Share knowledge and give clear examples.
4 Answers
- KTDykesLv 71 decade agoFavorite Answer
It's a widespread trait among different lineages of mammals. For example, it's fairly common among primates. (A nearly fifty million year old fossil one from Messel was sexed due to precisely this detail.) That won't help too much, as it happens to be unnamed. You also may have noticed, from your own activities, that this doesn't apply for all primate males. Some of us achieve rampant solidity without such scaffolding.
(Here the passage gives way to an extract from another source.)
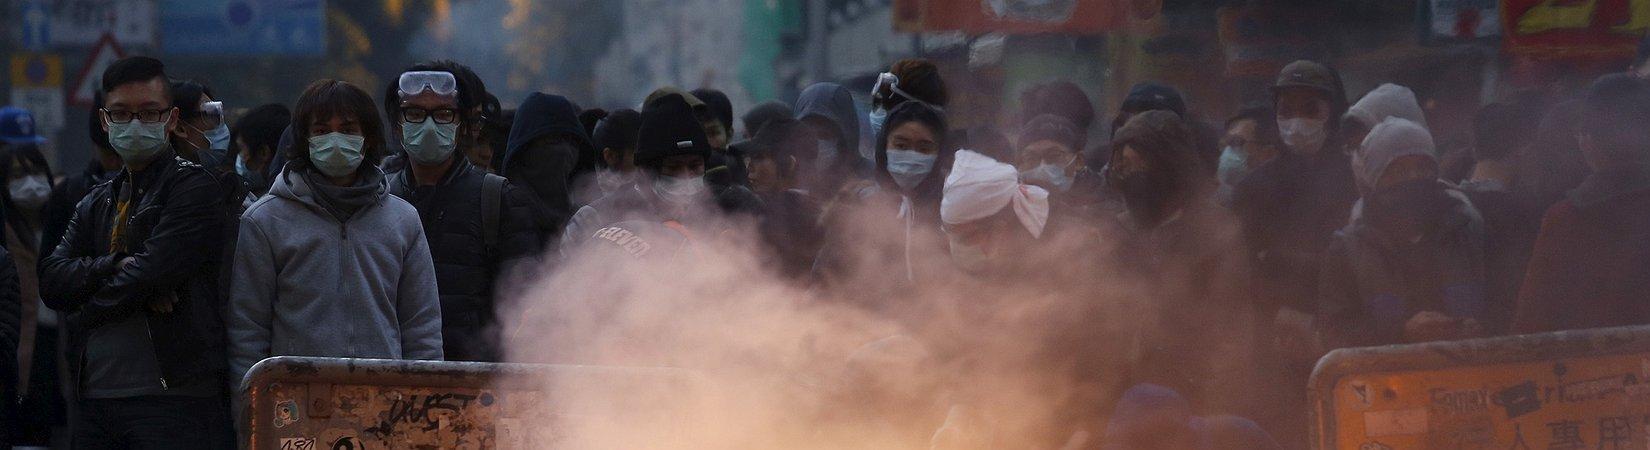 FOTO: Unruhen in Hong Kong

Rodents come readily to mind but, despite what the linked page appears to maintain, I don't think it's true of all groups. The author claims (not necessarily entirely correctly in my opinion): "Like some other mammal taxa, but unlike rabbits and other lagomorphs, male rodents have a baculum (penis bone)."
Still, that's Berkeley University for you. It's one of their webpages. Actually, they tend to be fairly good.
Source(s): Introduction to the Rodentia http://www.ucmp.berkeley.edu/mammal/rodentia/roden... - Anonymous1 decade ago
The os penis or baculum is found in most carnivores (not cats) and is largest, so far as I know, in the walrus. The baculum of a raccoon is sigmoid and just the right size for one zoologist to use as swizzle sticks in his old fashioned glasses. Most primates have them. Man is singularly deprived in this regard. Rodents have them. The bone is found only in mammals.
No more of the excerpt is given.